To be honest, I was not expecting much from the film Music and Lyrics, but I was willing to give it a shot. Sure, the movie starred romantic comedy stars, Drew Barrymore and Hugh Grant, but the plot sounded cheesy and unoriginal.

Alex Fletcher (Grant), the ex-member of an iconic, pop-tart eighties band ironically called PoP, lives with the knowledge that only post-menopausal women idolize him and his first solo album sold next to no copies.

In an attempt to captivate the lost public eye, Fletcher performs at theme parks and county fairs. He is then presented with the opportunity to write a song for the pop star, Cora Corman (Haley Bennett), and perform it with her in concert. However, a problem arises; Fletcher cannot write a rhyme for his life.

With seemingly perfect timing, gardener, Sophie Fisher (Barrymore) impresses Fletcher with her knack for poetry. He hires her as his new lyricist and together they compose romantic lyrics with a catchy tune to Corman’s only prerequisite, the song title “Way Back Into Love”.

Fletcher and Fisher spend the next few days arguing over lyrics, melody and inspiration. Their conversations are quick and witty, with a perfect balance of playful banter. Unlike many romantic comedies, the bickering is directed at a charming minimum instead of the usual obnoxious maximum.
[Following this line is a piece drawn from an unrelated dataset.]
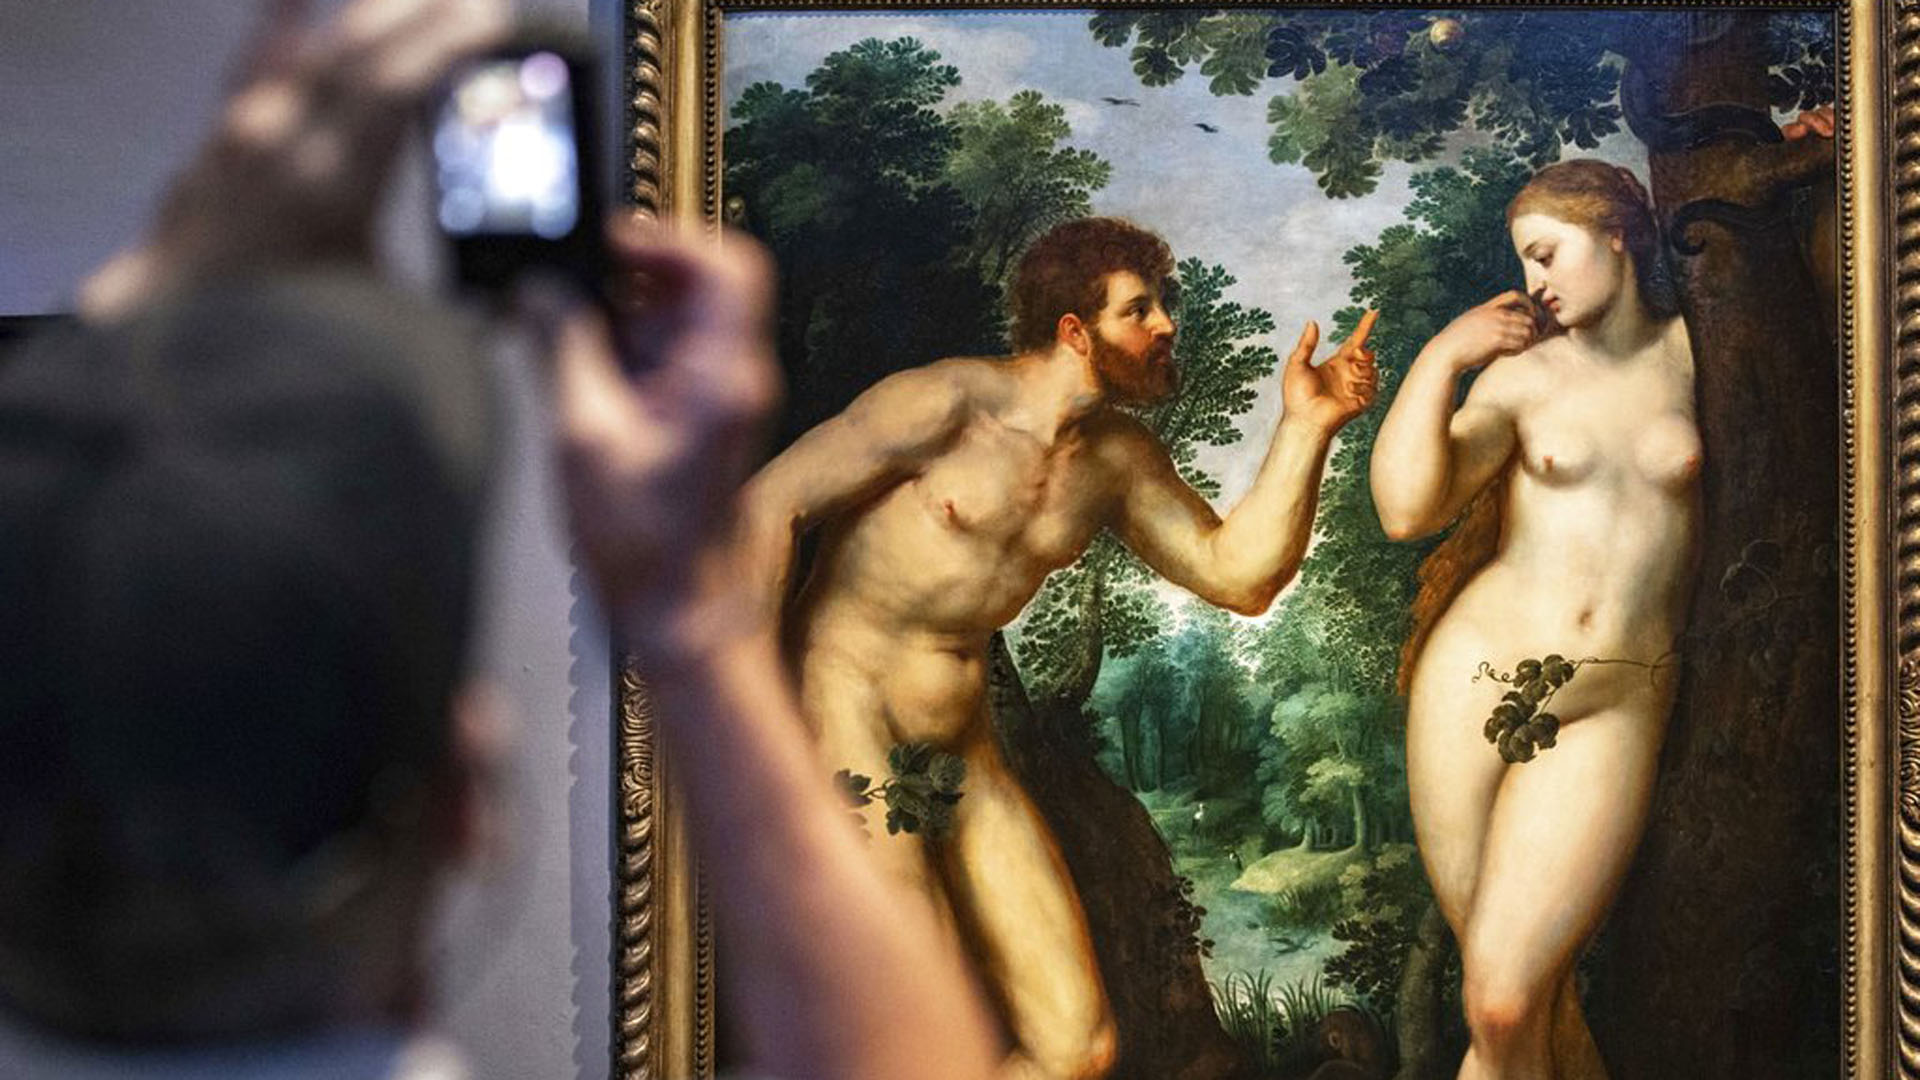 Belgium Art Nudity_1532821019199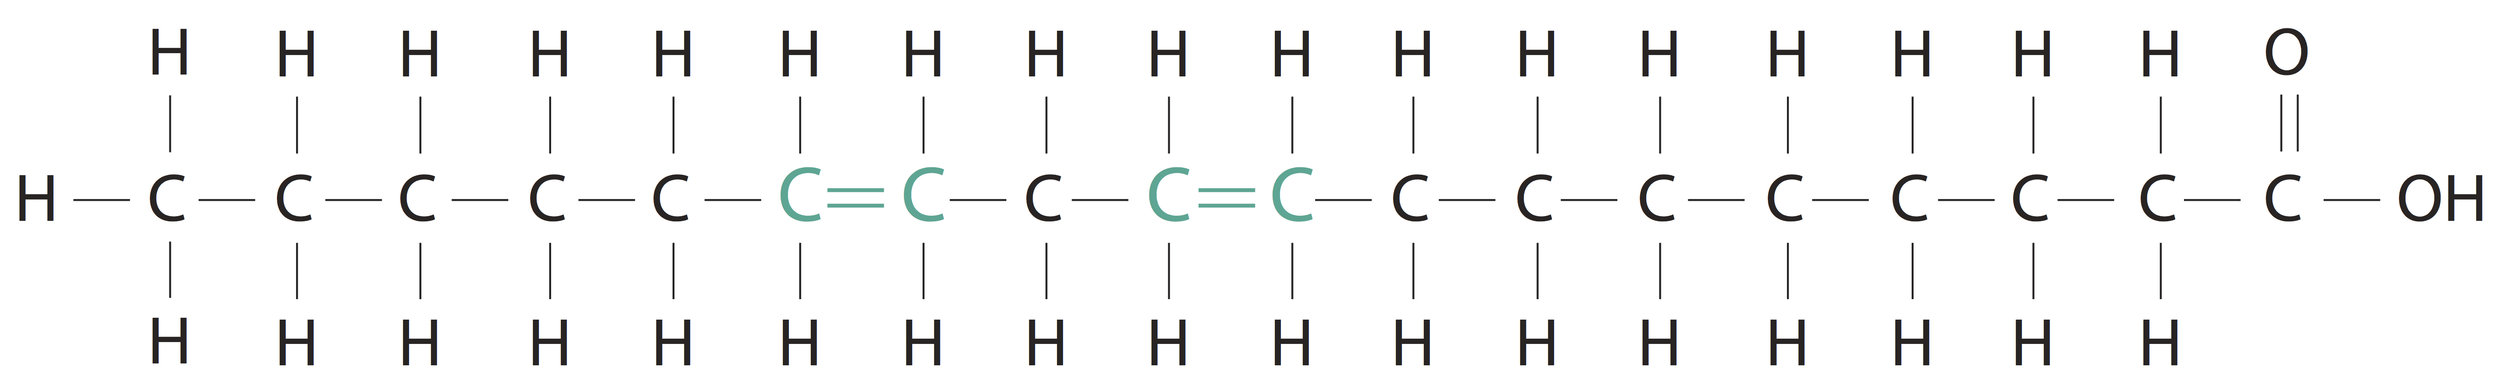 linoleic-acid

When the two finally finish a demo of their tune, Corman morphs the wholesome love song into a provocative beat accompanied by sensual dance moves. This leads to a heated argument between Fletcher and Fisher, one who desires the return of his fame, the other wishes to retain the innocence of the song.

The end is, of course, the perfect blend of silly and romantic, when Fletcher and Fisher fall in love, fight and fall back into love after Fletcher serenades Fisher in front of thousands of Corman fans.

This movie hooked audiences in the first few minutes with the opening credits accompanied by an 80s PoP music video entitled “PoP! Goes My Heart.” Nothing is better than watching Hugh Grant along with four other middle-aged men wearing tight, white pants and sweatbands. Their terrible dance moves and ridiculous lyrics aroused chuckles, too.

Music and Lyrics director Marc Lawrence, who previously worked with Grant in Two Weeks Notice, poked constant fun at modern pop divas and retro 80s rock bands. The hilarious effect was put into play by Cora’s skimpy ensembles, whacky religious preferences and crazy concert, which included pyrotechnics and back-up dancers.

Even Fletcher constantly mocks himself and his so-called “glory-days,” fully aware that he is washed up and not taking this blow to heart. Grant’s usual charisma filled his role and alongside Barrymore creates satisfying chemistry on the screen.

Music and Lyrics is a fun film with a spirited entrance onto the big screen. The movie was harmless fluff that will elicit a chuckle from all audiences, even the most adamant haters of romantic comedies.

The film is currently playing in theaters. Due to some sexual content, the film is rated PG-13. Parents may want to use caution when taking young children.